Time to Order the NBA Back to Work!

by David Doorey October 6, 2011
written by David Doorey October 6, 2011

The National Basketball Association and the NBA Players Union broke off collective bargaining yesterday, again, and now the season is jeopardy. Here is the New York Times story.  The Players have been locked out since the summer, and the exhibition season has already been cancelled.    Enough already.  It’s time to for the American government to pass back-to-work legislation!! Dammit. [I’d add that Ontario should also pass back-to-work legislation ordering an end to the Toronto Raptors lockout of its players, but since the lockout of the Raptors’ players is already unlawful, there is no need].
What, you think back-to-work legislation for basketball teams is a dumb idea?
Well, when is it appropriate to end a labour dispute by legislation? Is there something important that distinguishes basketball from an airline’s desk clerks?

 

It used to be that back-to-work legislation was reserved for situations in which “essential public services” were threatened, such as when human safety was threatened if the work stoppage continued.  But in Canada, our governments have long since moved pass this quant idea.  Canadians LOVE back-to-work legislation.  No other country in the world has been found in violation of the International Labour Organization’s prohibition on back-to-work legislation in non-essential services more than Canada. We order back transit workers, teachers, garbage collectors, teaching assistants, flight attendants, desk clerks, letter carriers. The current Federal government will no doubt order baggage handlers back to work if Air Canada’s strike later this fall. Back to work legislation is apparently now appropriate for large private for-profit-publicly-traded corporations.
Well, if Air Canada desk clerks and baggage collectors are now ‘essential’ workers, then surely basketball players are too.
The explanation the Conservatives gave for the need to order back Air Canada ticket collectors and flight attendants was that a work stoppage would cause economic harm.  Same explanation given for ordering back letter carriers.  Nevermind that there was little if any evidence that either work stoppage was actually harming the Canadian economy.  The fact that people can fly other airlines, and that snail mail is soooo last century doesn’t matter.  The threshold to justify legislating an end to labour stoppages is now so low, there doesn’t even need to be actual harm to the economy or the public.

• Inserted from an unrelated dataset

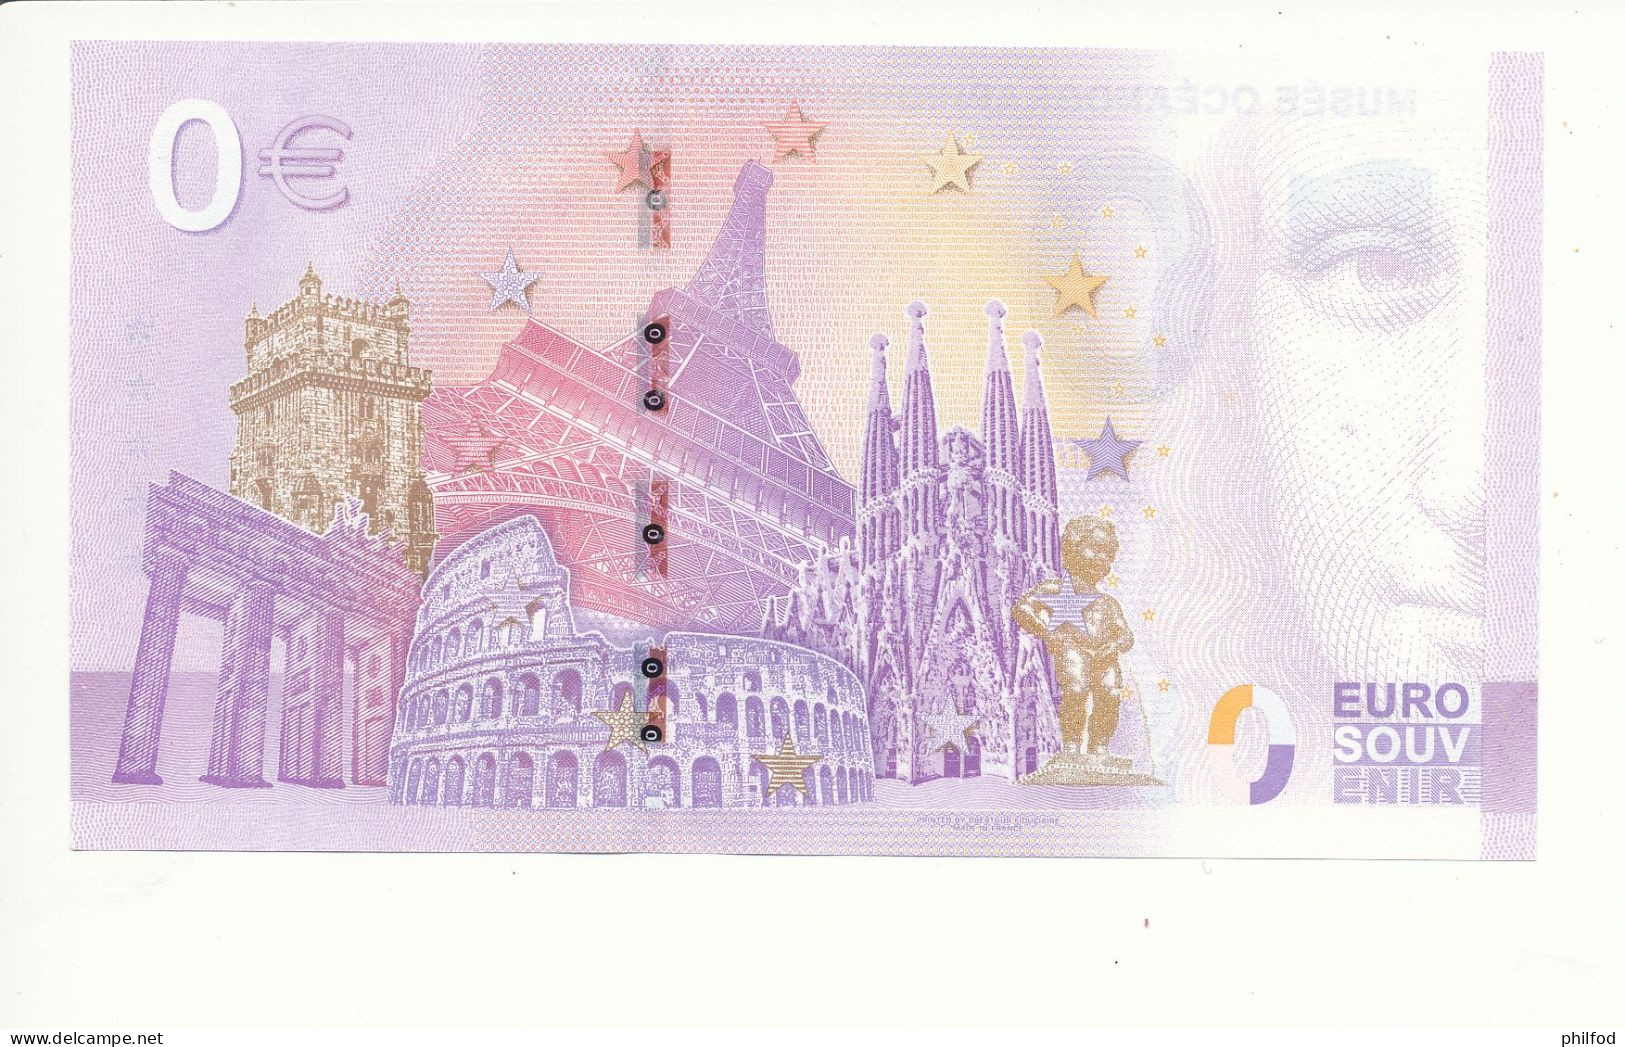 Billet Touristique 0 Euro - MUSÉE OCÉANOGRAPHIQUE DE MONACO - UEAW - 2022-1 - N° 44689 - Sonstige & Ohne Zuordnung

On the other hand, we can clearly see the economic harm caused by each lost Raptor game, dammit.  In every city where there is a pro basketball team, dozens of workers are out of work:  all the people who work at the basketball games selling beer, hot dogs, and t-shirts, the ticket collectors, the scalpers.  Then there is all the lost revenues associated with each game from transit, restaurants, bars, taxis, hotels, strip joints.  It goes on and on.  And the lost income for all those businesses and workers has multiplier effects across the economy, leading to fewer jobs, lower profits.  Moreover, unlike Air Canada and Canada Post, who have many natural competitors that are more than happy to take over the business during a work stoppage, the NBA has no competitors.  There is no other NBA.  And the children!  Oh, the poor children, whose lives revolve around watching their favourite NBA stars day in and day out.

There can be little doubt.  The NBA lockout is causing way more economic and emotional harm across North America than the silly little work stoppages as Air Canada and Canada Post.  So, what are our governments waiting for!!!
Join the fight.  Back to Work for the NBA…  Back to Work for the NBA… Back to work…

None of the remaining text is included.